Neuromodulatory and metaplastic regulation of long-term synaptic plasticity in the primary visual cortex of adult rats.

Abstract

Synaptic plasticity in the neocortex of mammals is influenced by various neuromodulators and metaplasticity mechanisms. These regulatory processes allow synaptic networks to operate and adjust to various behavioral states and the constantly changing inputs from the sensory environment. The neurochemical milieu created by neuromodulators is an important regulator of synaptic plasticity at the time of induction, while metaplastic-processes regulate neuronal networks based on their history of activity.

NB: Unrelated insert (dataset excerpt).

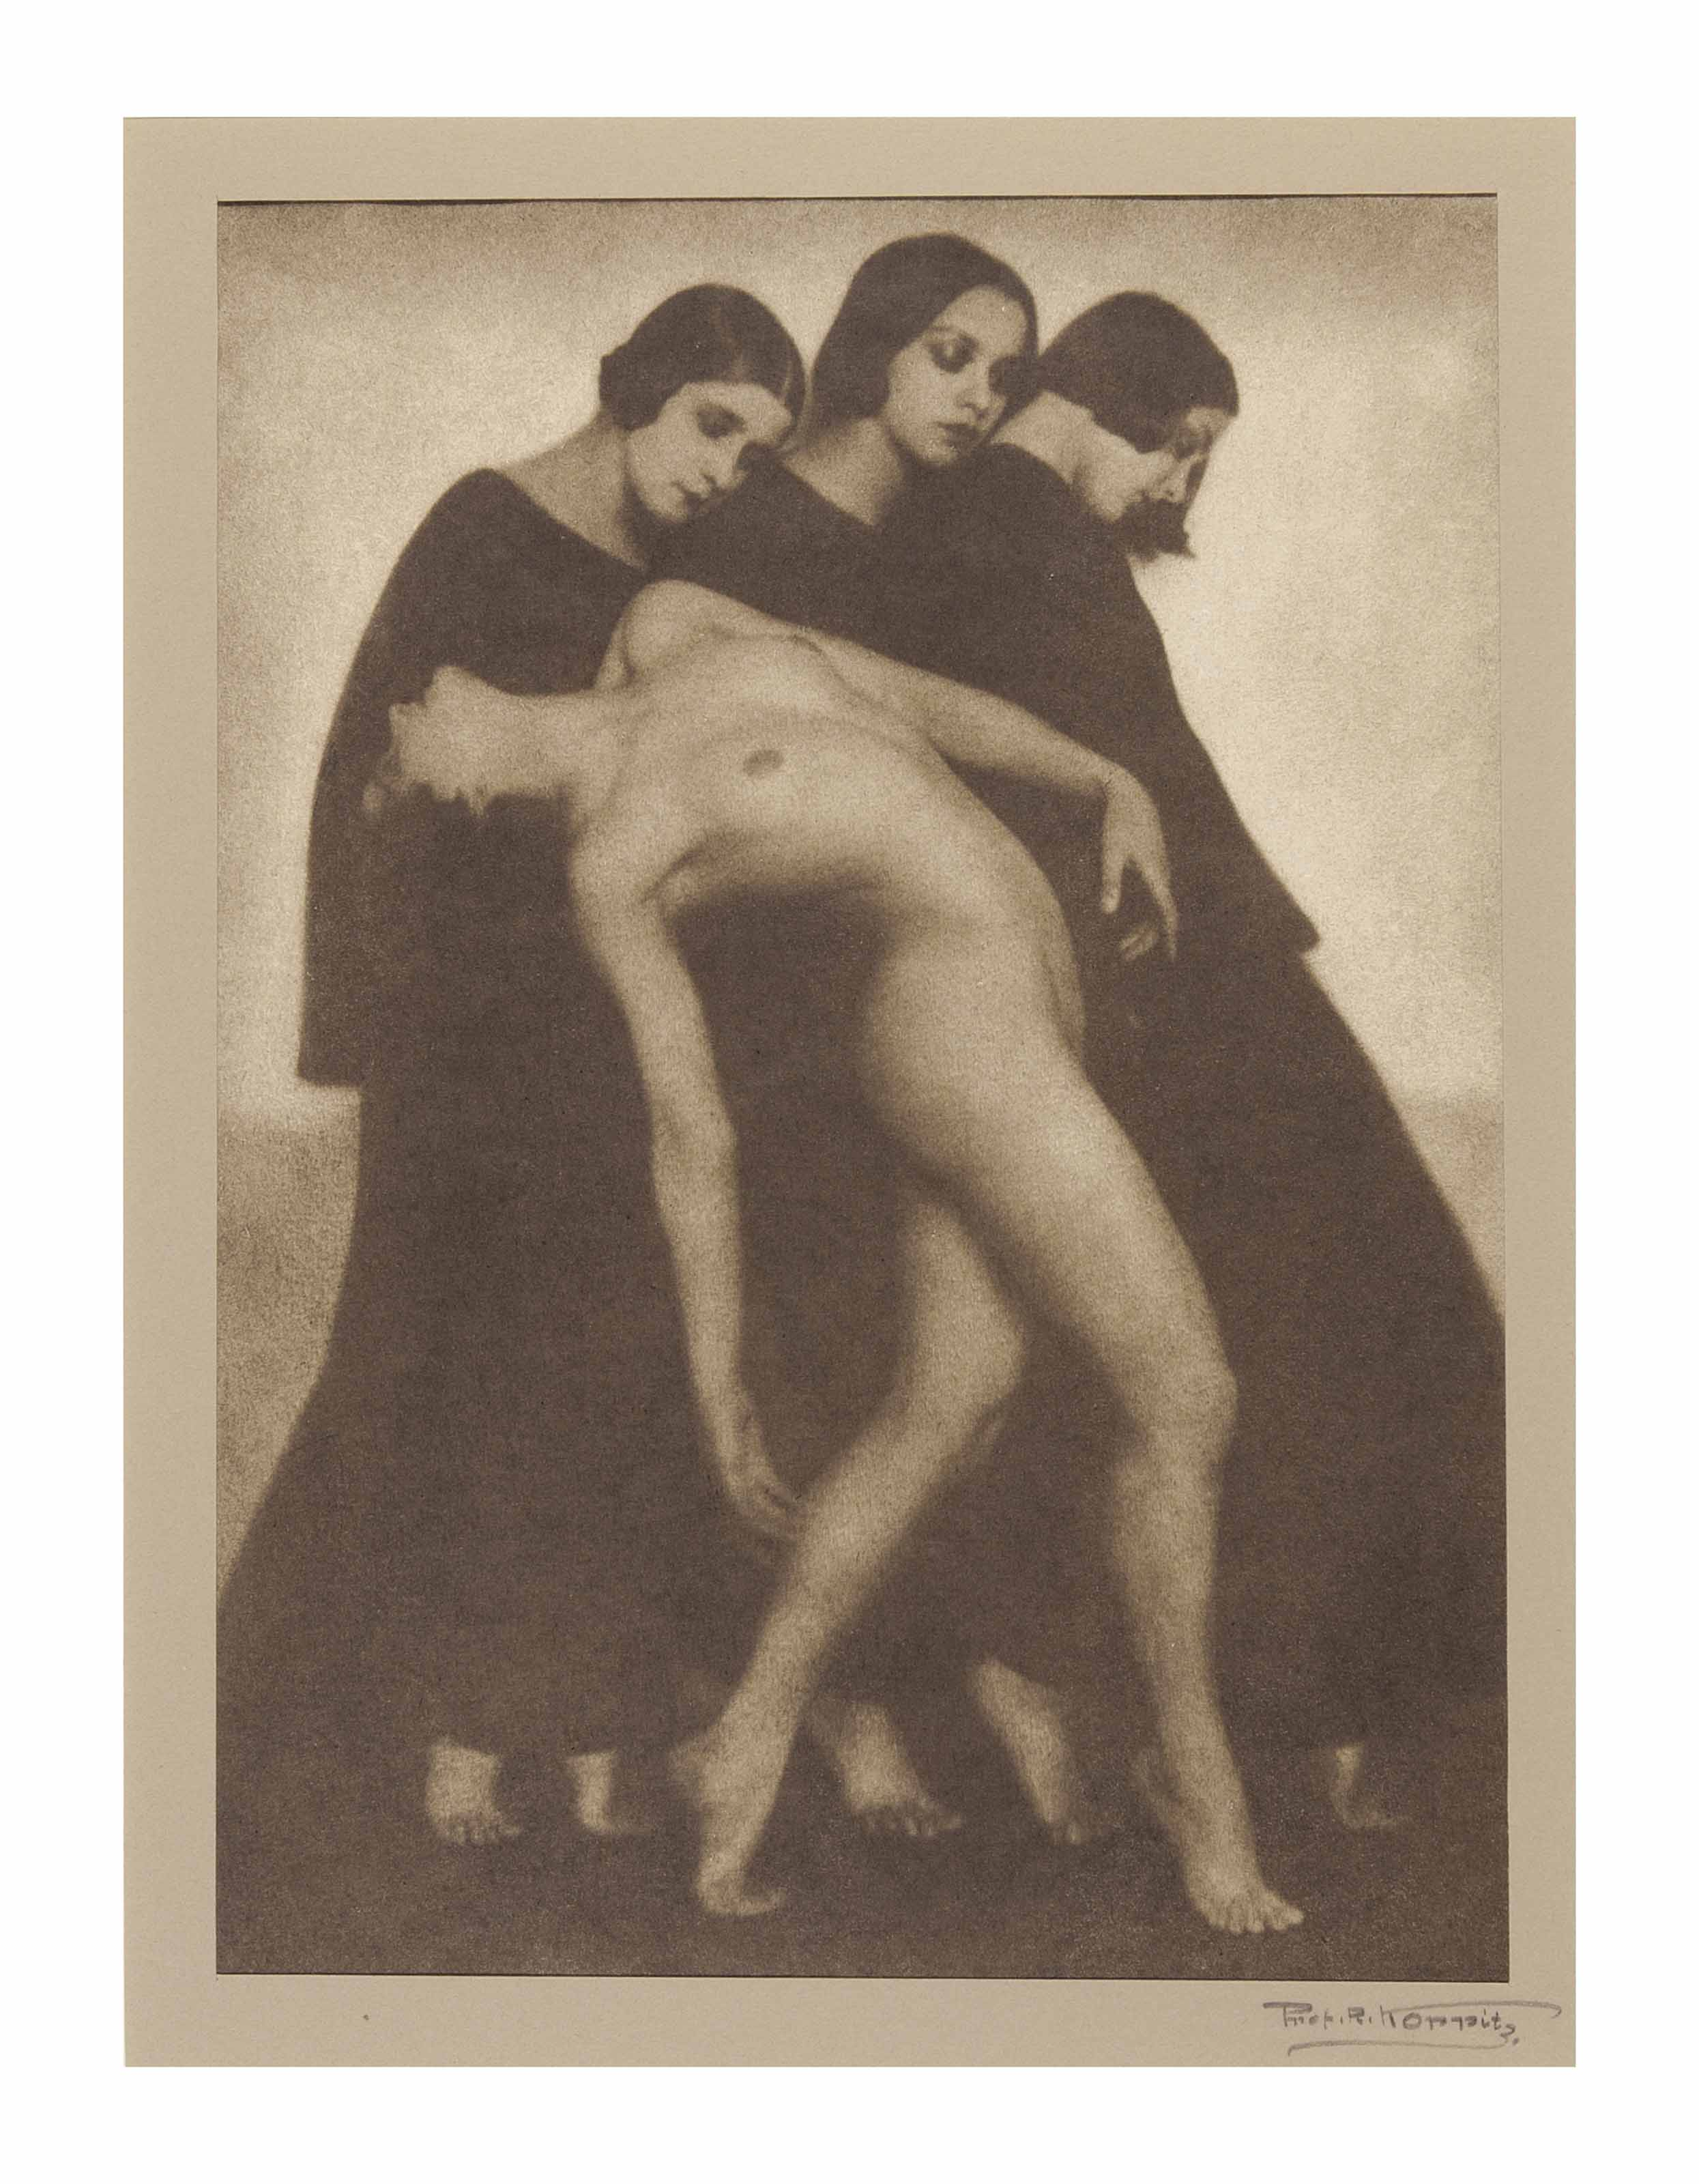 Bewegungsstudie (Movement Study), 1925

This thesis investigated the effects of the neurochemical milieu and past experiences (learning) on long-term potentiation (LTP) of synapses in vivo in the primary visual cortex (V1) of adult rats. Initial experiments revealed that the application of the neuromodulator serotonin (5-HT) in V1 was ineffective at altering LTP. However, LTP was facilitated in the presence of a 5-HT1A-receptor antagonist. Interestingly, in juvenile rats, the same antagonist exerted the opposite effect (i.e., inhibited LTP), indicating an age-specific role of 5-HT1A receptors in the gating of V1 synaptic plasticity. Next we examined the role of visual experience (visual discrimination training) on LTP in the adult V1. Rats trained to discriminate visual cues in a Y-shaped water maze apparatus subsequently exhibited enhanced LTP compared to naive or control (visually untrained) rats. The facilitation of LTP in visually trained rats was reversed by an antagonist of GluN2B subunits of the N-methyl-D-aspartate receptor (NMDAR) in V1. Consequently, we examined potential changes in NMDAR functioning in rats trained in the visual discrimination task. Patch clamp recordings of principal neurons in V1 revealed that behavioral training enhanced GluN2B-mediated NMDAR conductance. Finally, we examined the behavioral consequences of blocking GluN2B receptors during visual discrimination training, using a sequential task that involved two distinct rounds of training (involving different sets of visual cues). Results of these experiments showed that systemic GluN2B antagonism during the second round of visual training impaired task acquisition relative to controls. Together, the experiments in this thesis highlight the importance of neuromodulation and metaplasticity in V1 for the gating of LTP, one of the principal mechanisms of learning and memory storage in the cortex of mammalian species.